Même si le thème développé ici avec ce solo est d’actualité, on est vraiment trop loin du compte côté expression orale et gestuelle, et malgré quelques belles images, cette petite heure nous a semblé longuette. «Il y a parfois, dit Souad Labbize, entre un poème et ses futurs acquéreurs -car tout lecteur devient copropriétaire d’un legs poétique- la voix d’une passeuse de mots comme vous, Isabelle Fruleux, qui montez sur scène vêtue de l’âme d’une Isis rassemblant les fragments d’un corps dispersé.» Sans doute mais faudrait-il encore que cette passeuse soit vraiment mise en scène et que cet ensemble de textes fasse l’objet d’une véritable dramaturgie… il y a ici comme une valse-hésitation entre la mimésis (imitation) et la diégésis (récit poétique), concepts qui remontent à Platon et à Aristote. Et il n’y a pas vraiment d’interaction entre le texte et une musique peu convaincante.

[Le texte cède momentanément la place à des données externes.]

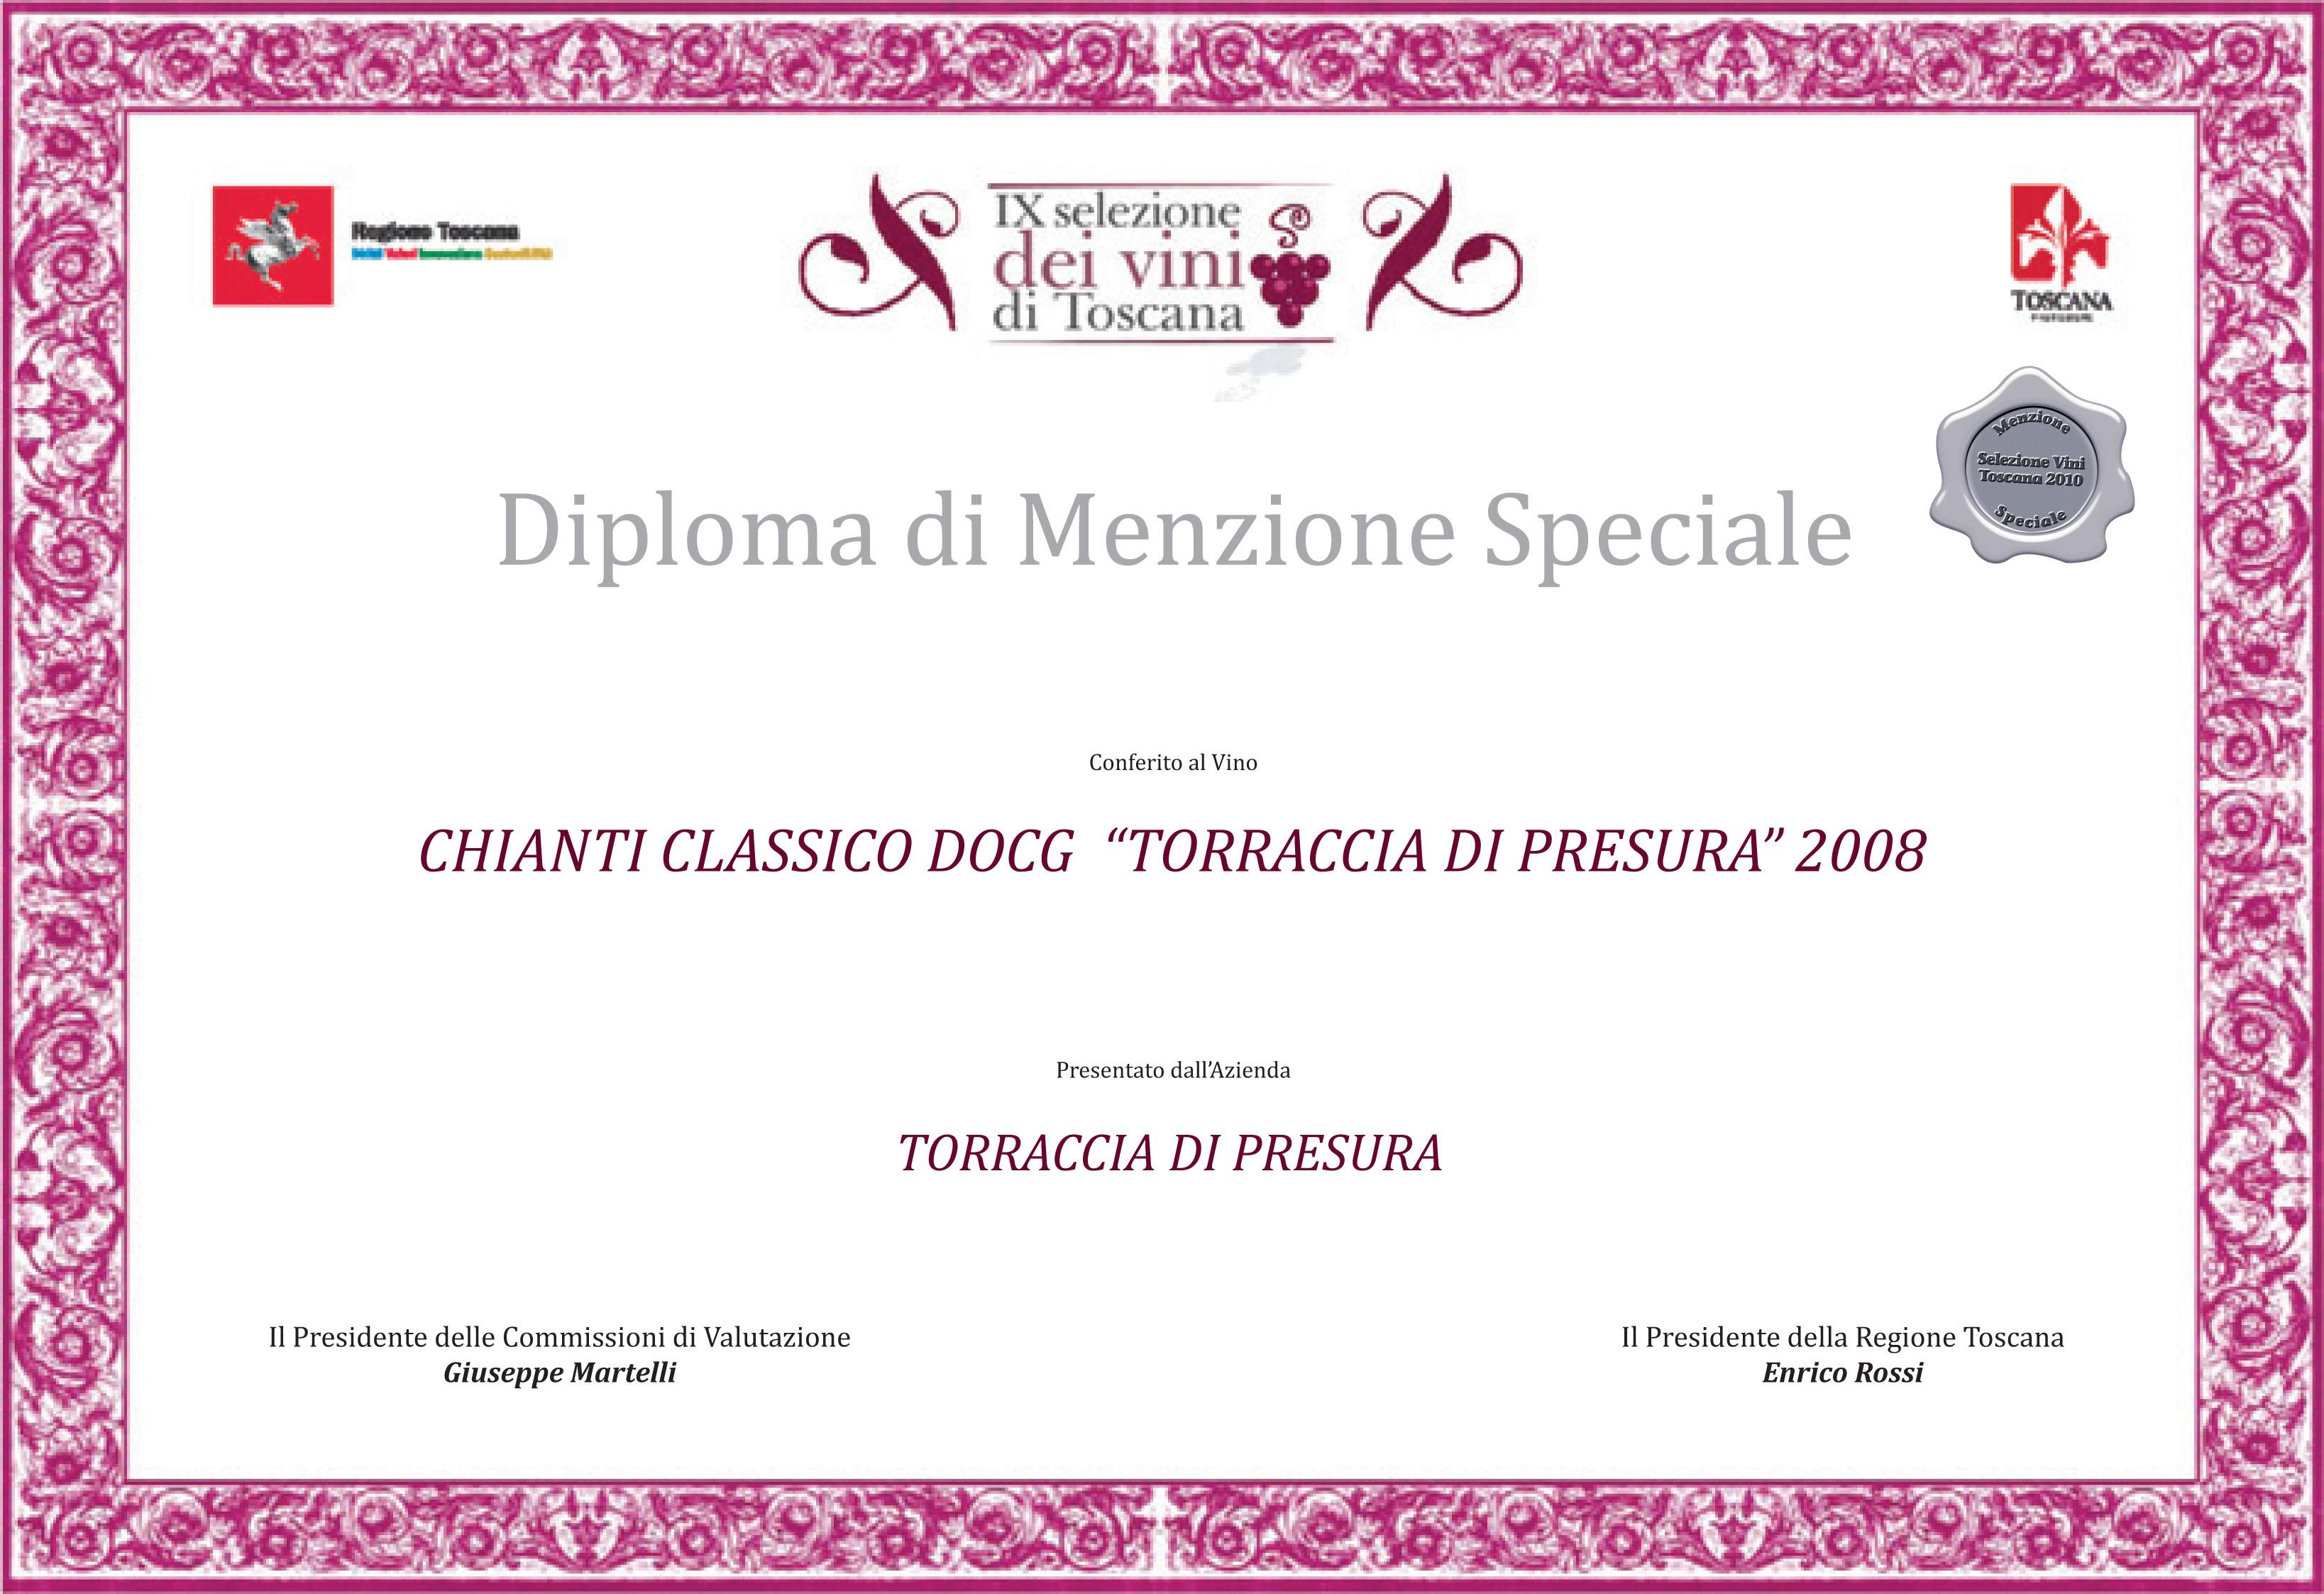 77 TDP 2008 Selez vini 2010 2010

Bon, c’était une première et les choses peuvent évoluer mais il y a encore du travail. A suivre…
Philippe du Vignal
Jusqu’au 22 janvier, Théâtre Antoine Vitez, 1 rue Simon Dereure, Ivry-sur-Seine (Val-de-Marne). T. : 01 46 70 21 55.
Éclairages : le 14 janvier à 18h, avec Nadia Yala Kisukidi, philosophe franco-congolaise, spécialiste des études post-coloniales et le 21 janvier à 18h, avec Souad Labbize.